----- STORED DATA

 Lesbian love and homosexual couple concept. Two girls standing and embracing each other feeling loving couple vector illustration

----------
----- STORED DATA

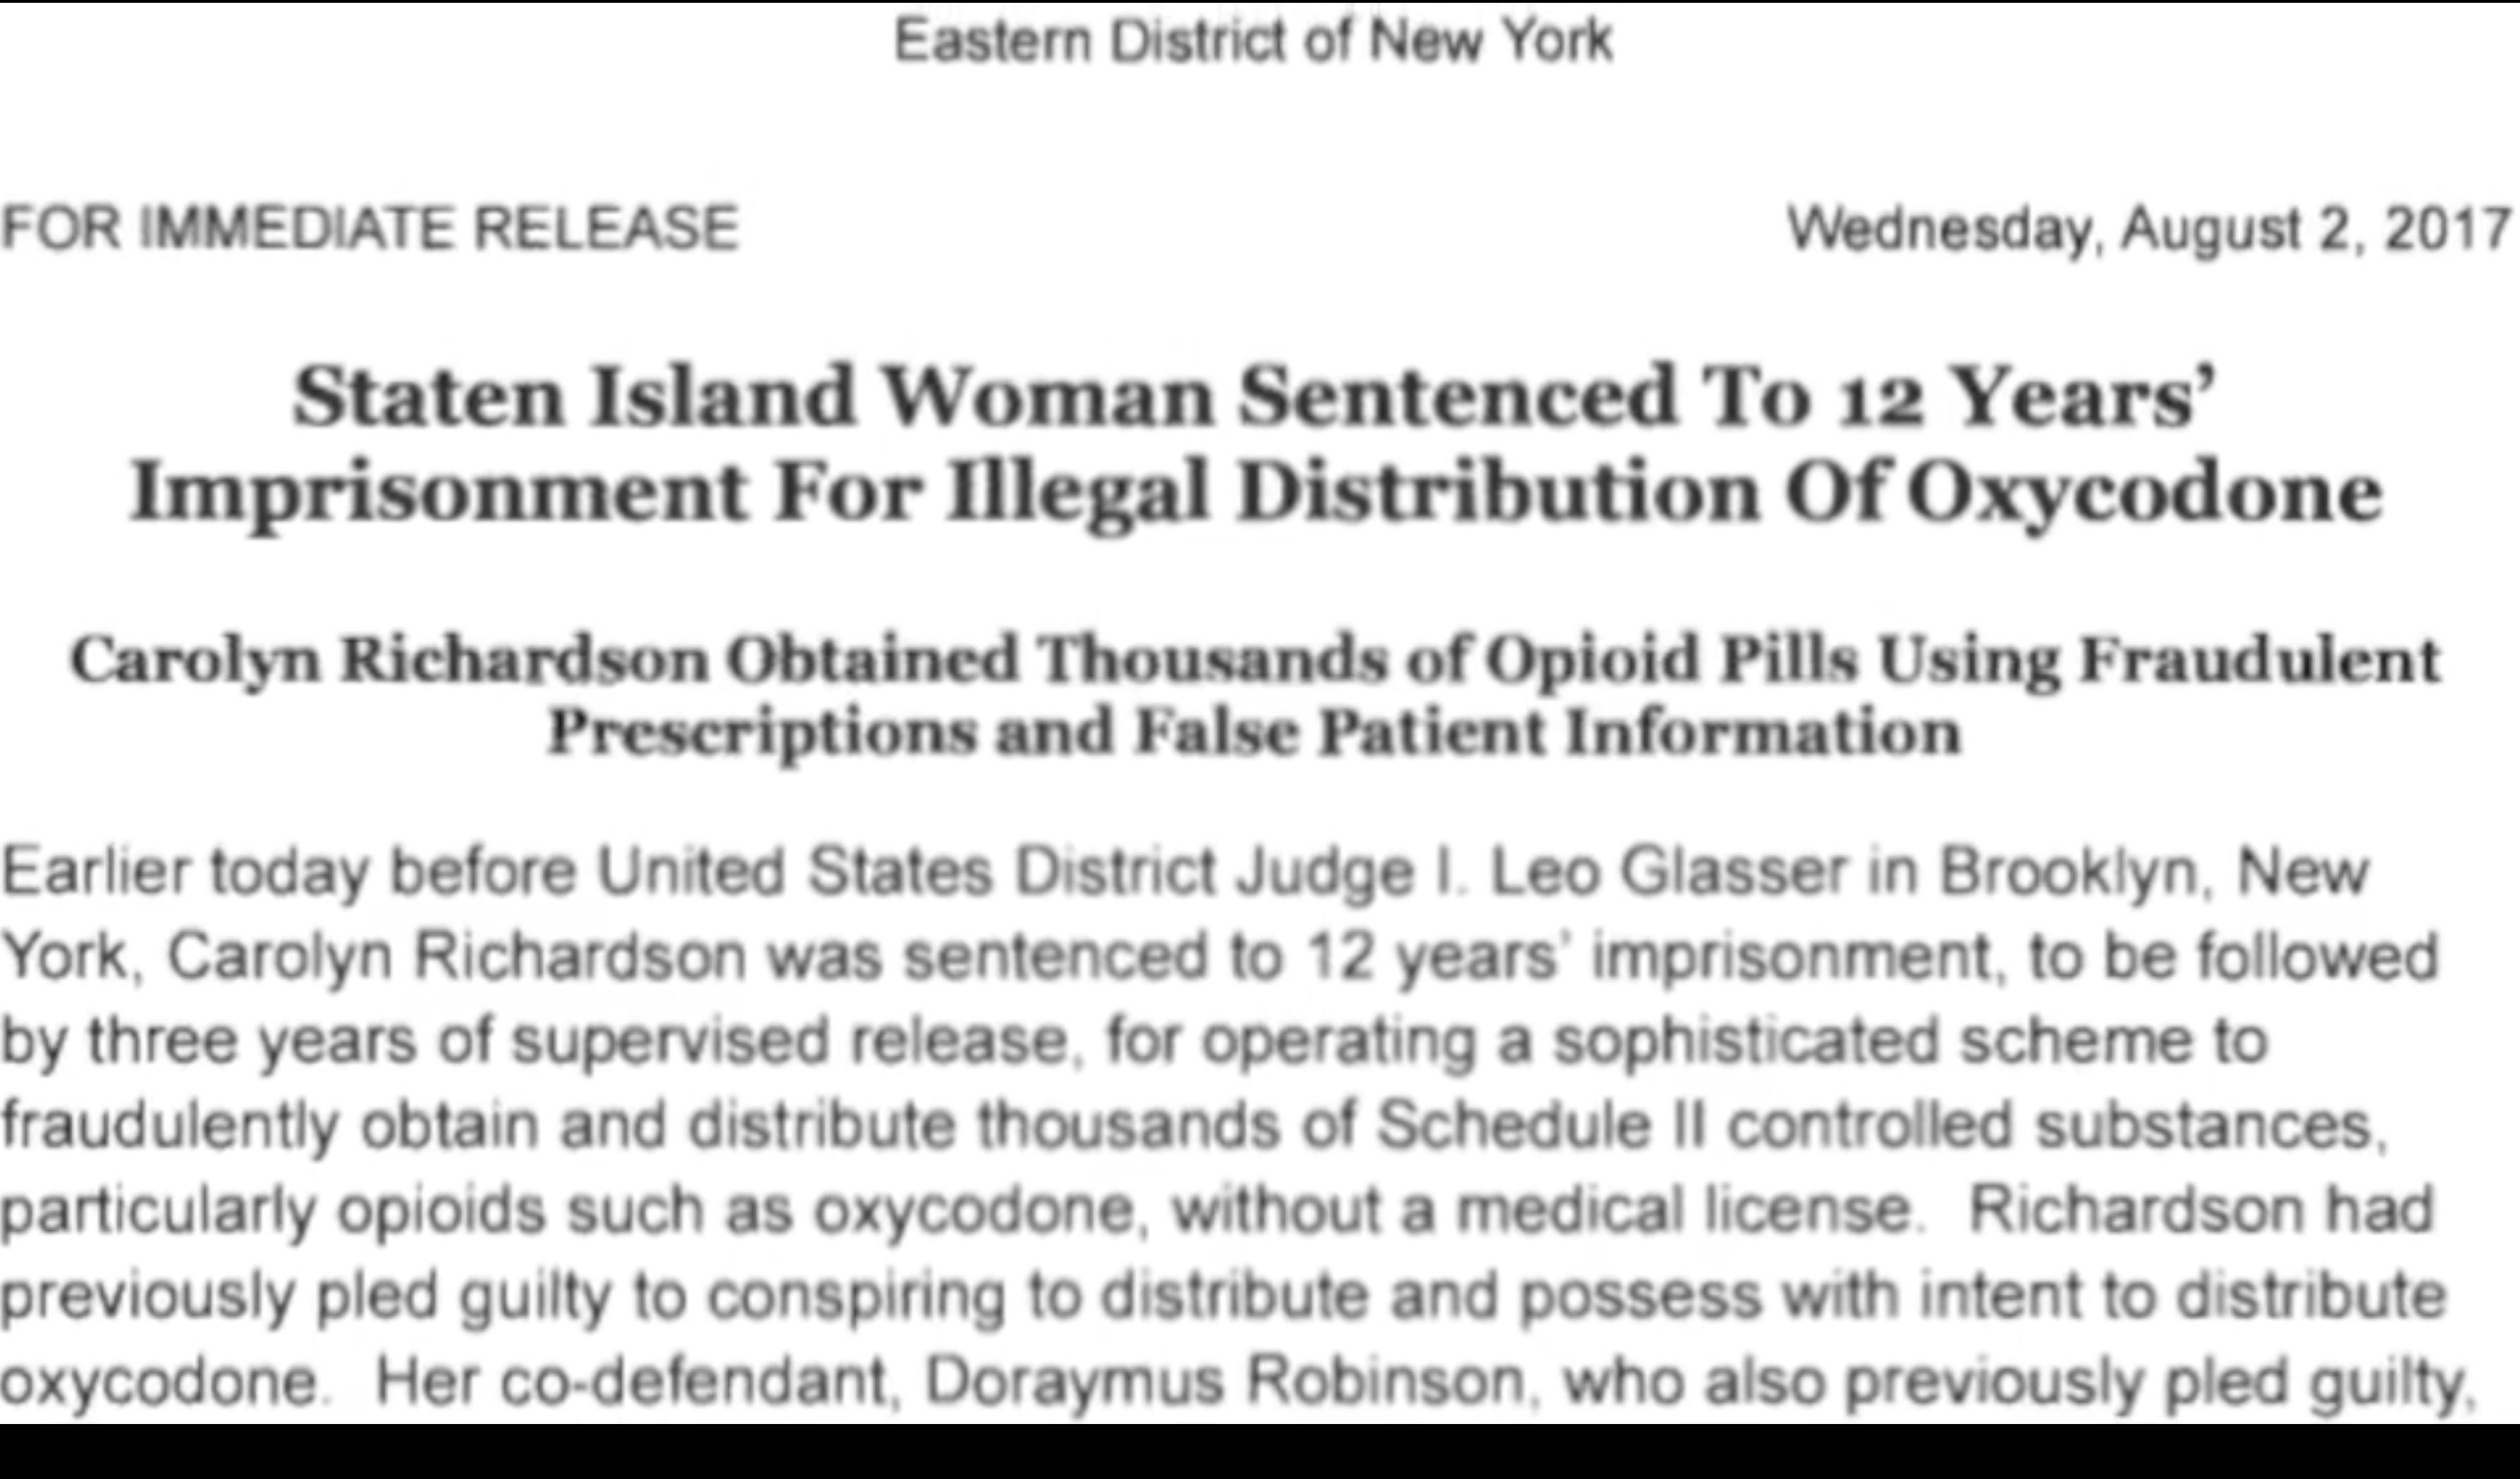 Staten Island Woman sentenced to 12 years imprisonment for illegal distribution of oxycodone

----------
----- STORED DATA

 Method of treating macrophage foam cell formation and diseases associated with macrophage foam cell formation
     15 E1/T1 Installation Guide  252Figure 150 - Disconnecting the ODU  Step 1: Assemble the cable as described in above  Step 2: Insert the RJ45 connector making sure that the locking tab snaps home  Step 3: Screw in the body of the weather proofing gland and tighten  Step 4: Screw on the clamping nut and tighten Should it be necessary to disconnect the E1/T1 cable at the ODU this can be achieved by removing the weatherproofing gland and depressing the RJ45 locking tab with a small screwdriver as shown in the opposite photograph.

----------

Which lines of the data include the word "with"? Copy each one.

**RESULT OF THIS EXERCISE**:
 Method of treating macrophage foam cell formation and diseases associated with macrophage foam cell formation
     15 E1/T1 Installation Guide  252Figure 150 - Disconnecting the ODU  Step 1: Assemble the cable as described in above  Step 2: Insert the RJ45 connector making sure that the locking tab snaps home  Step 3: Screw in the body of the weather proofing gland and tighten  Step 4: Screw on the clamping nut and tighten Should it be necessary to disconnect the E1/T1 cable at the ODU this can be achieved by removing the weatherproofing gland and depressing the RJ45 locking tab with a small screwdriver as shown in the opposite photograph.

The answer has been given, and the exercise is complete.